Keep in mind that you can never increase the rent in a way that's discriminatory.

In other words, you can't raise the rent solely because a tenant belongs to a protected class.

When Should I Announce a Raise in Rent?
Often, the amount of increase determines the notice you need to give a tenant.

A great rent raise may require more notice than an incremental increase.

Also, if tenants are on a yearly lease, most jurisdictions only permit landlords to change the rent once the annual lease is due.

This gives tenants the opportunity to decide if they want to pay the new rent, or if they'd rather look for other housing.

A month-to-month lease generally functions on different rules than an annual lease.
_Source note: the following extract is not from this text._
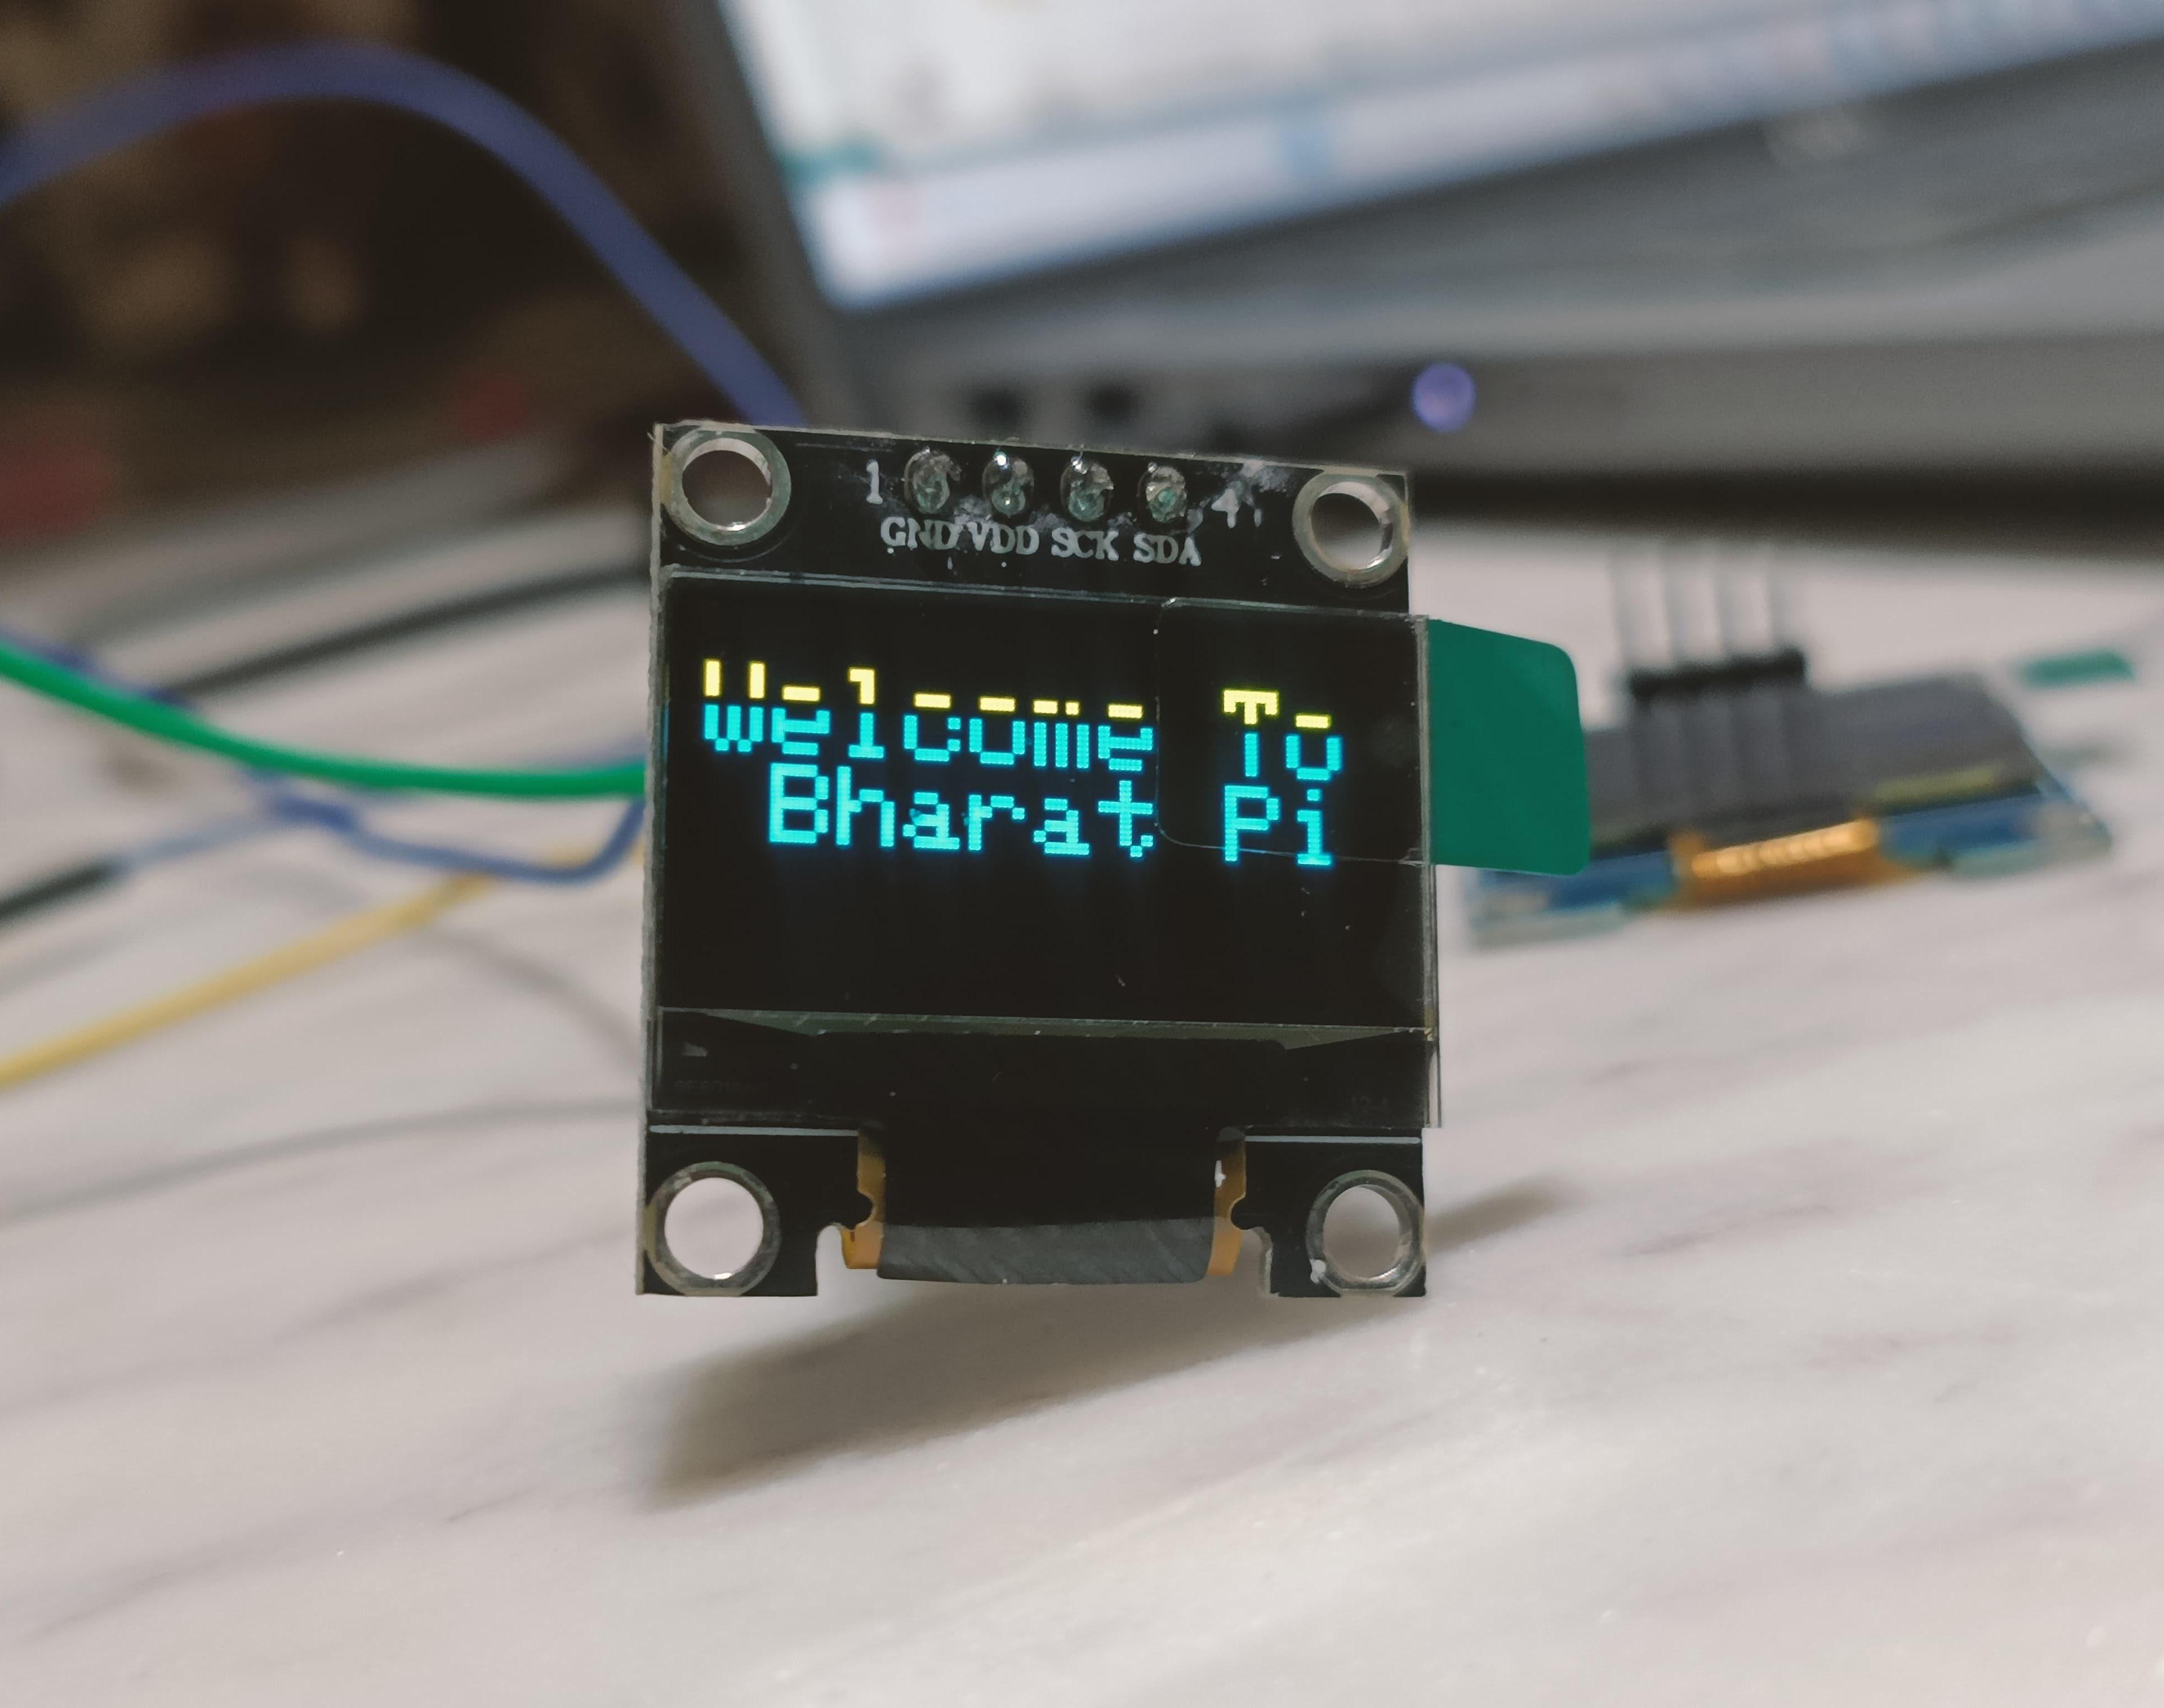 Guide for I2C OLED Display With Bharat Pi
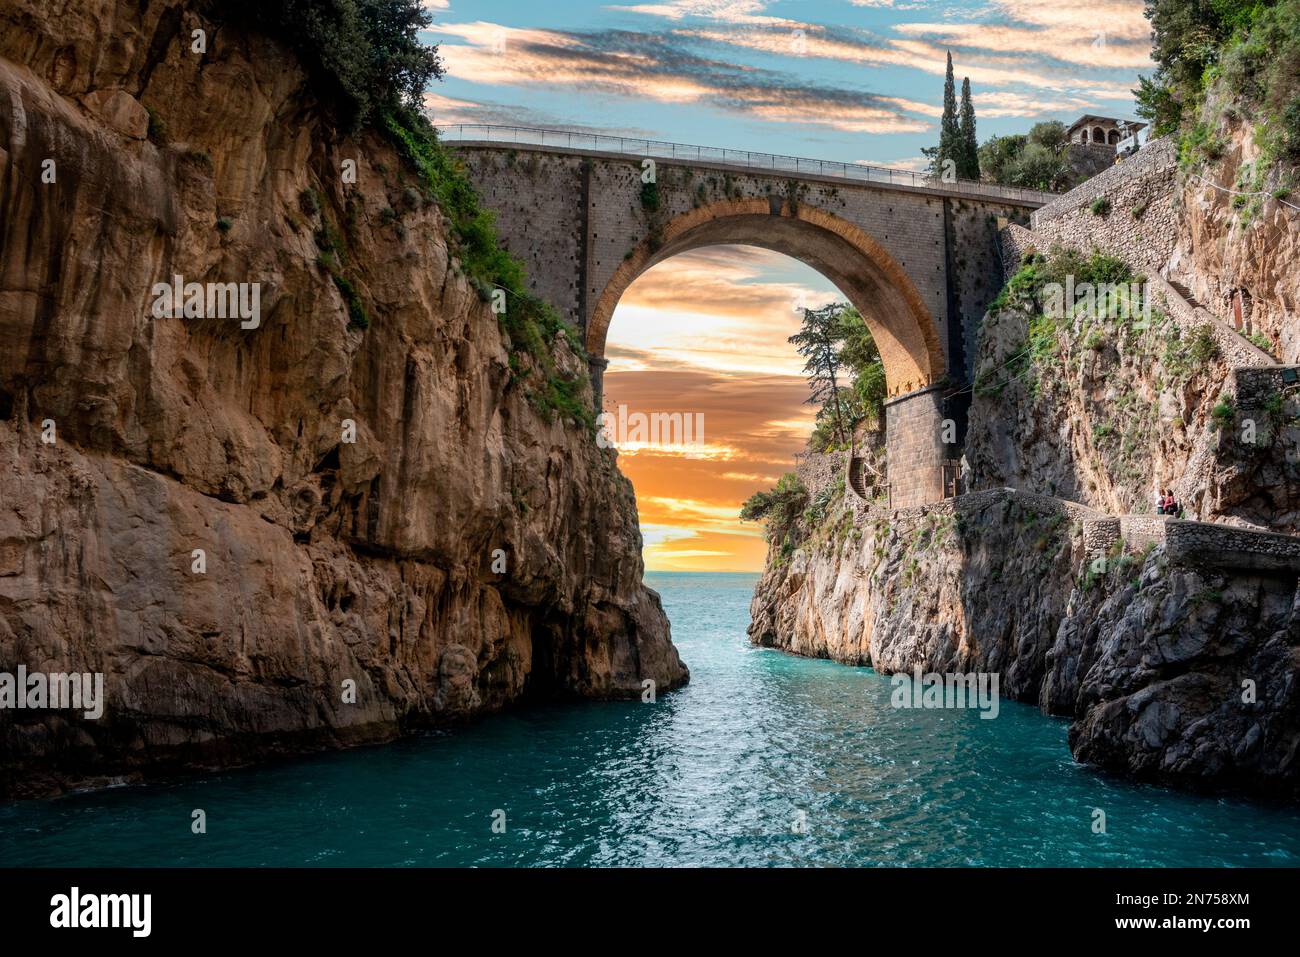 Scenic arch bridge at the Fjord of Fury, Amalfi Coast of Southern Italy Stock Photo

With this kind of lease, the landlord is usually more free to raise the rent when they please.

Regulations often require the owner give at least 30 days notice in anticipation of a rent increase—perhaps more if the increase is larger than a certain percentage.

Check local regulations to determine that percentage.

How Should I Notify My Tenants of a Raise in Rent?
It goes without saying, but always give tenants fair warning.

Let them know of the rise as far ahead as you can, so they can react accordingly, and you can get new tenants into the property, should the raise not be agreeable.

If you're raising the rent because a tenant is problematic, it's a good idea to try to talk to them to get them to clean up their act.

For example, if they're damaging the property (but not to the point where they're violating the lease), tell them you may need to raise the rent if this behavior continues to cover the costs of repairs.

It's also always a good idea to let the tenants know why you're raising the rent.

It may be tied to inflation, utilities may have spiked, or you may have had to do more frequent maintenance.

Whatever it is, letting them know your rationale lets them know that you respect them and that you want to keep them in the loop.